It’s a special day when I cover a Java topic. In this one, we’re talking about Enums, and the problem(s) they are intended to solve.
Table of Contents
- Introducing the Problem: Storing Categorical Data
- Using Strings to Track Categorical Data
- Using Integers to Track Categorical Data
- Using Constants to Track Categorical Data
- Using Enums to Track Categorical Data
- Should You Use Enums?
Introducing the Problem: Storing Categorical Data
Recently, I was giving my students an introduction to Enums (which I pronounce as “ee-numb”) because we use them in some of our APIs. However, I didn’t give us enough time to actually cover the topic, so this article is intended to go more in depth for the folks who were interested.
Typically, the way that I introduce enums as a concept is to describe a scenario where enums might be useful and ask students for their approaches.
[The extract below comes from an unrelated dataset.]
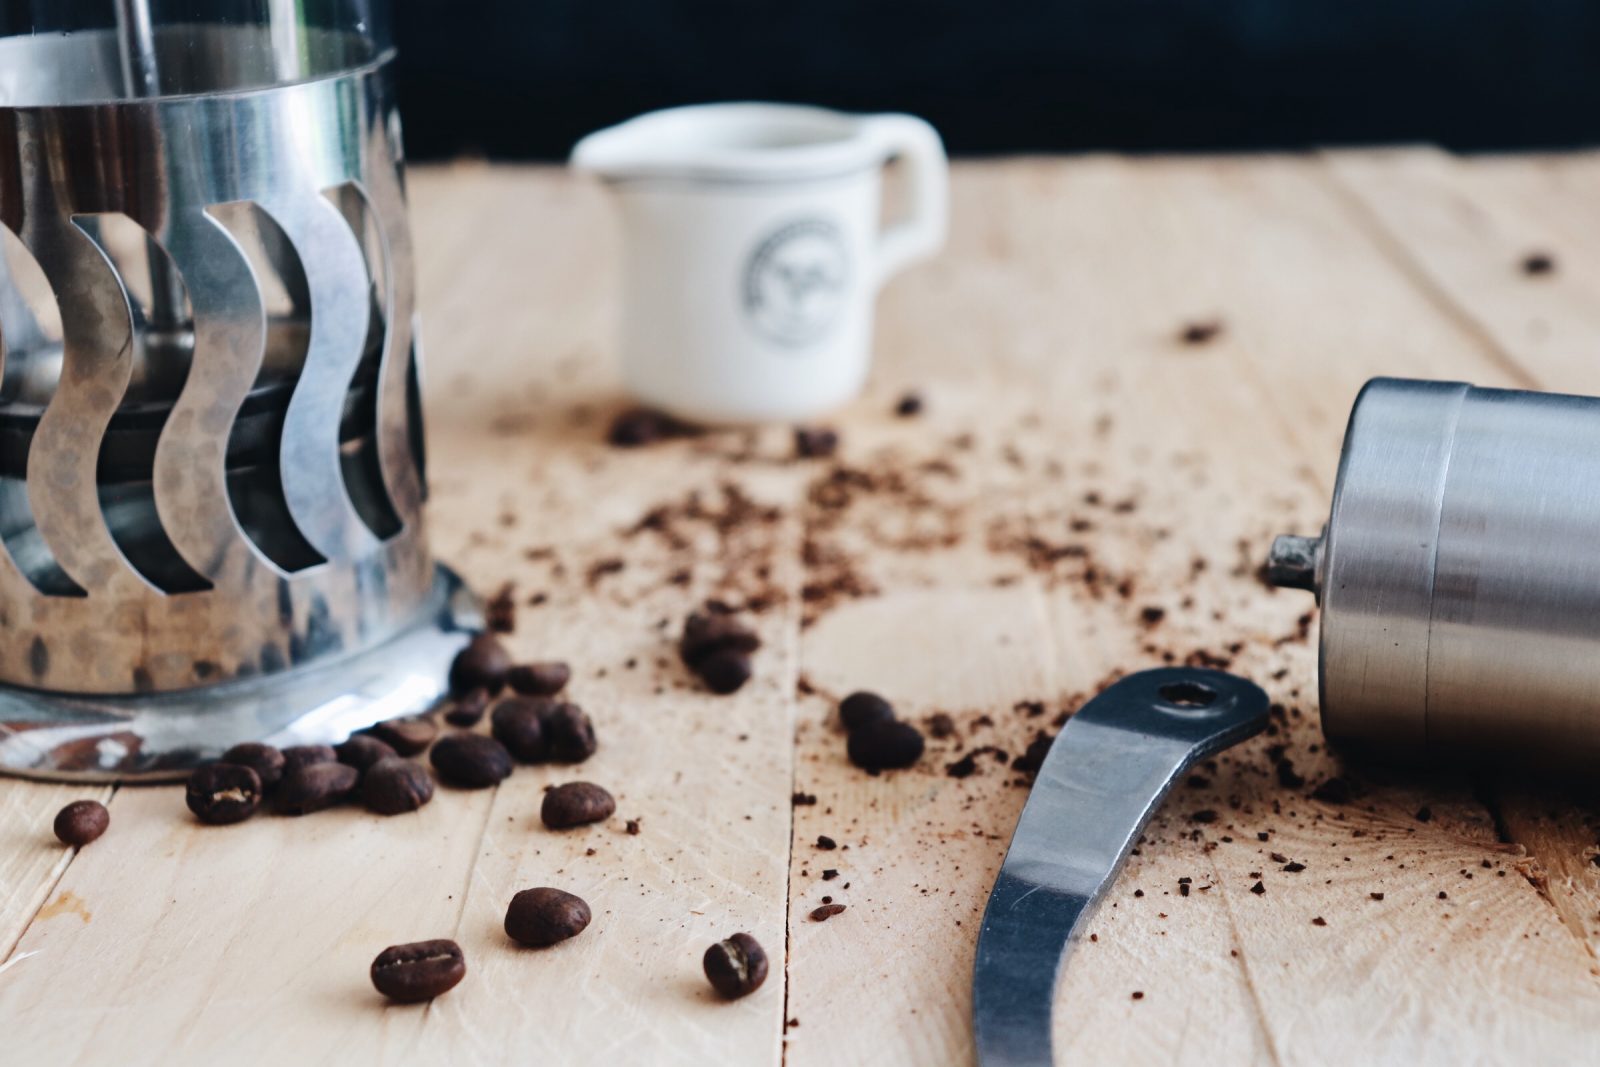 manfaat-dan-efek-samping-mengkonsumsi-kopi-hitam-tanpa-gula-setiap-hari-coffeeland

For example, imagine we want to make an object to store a hockey player. There is a lot of information that we might want to store about that player, but for the sake of argument, how might you store the player’s position?
In the world of data science, the player’s position would be referred to as categorical data or nominal data. Categorical data is generally limited in what can be done with it, but in the data visualization space, categories are useful for doing things like coloring points in a scatterplot or grouping data for analysis. As a result, I’m just going to refer to this as the problem of storing categorical data.
Therefore, given the hockey player example, how might you store categorical data? Generally, there are two answers that most folks (i.e., my students) give. The “obvious” answer is to use a string while the slightly less obvious answer is to use an integer. Next, we’ll take a look at these options in detail.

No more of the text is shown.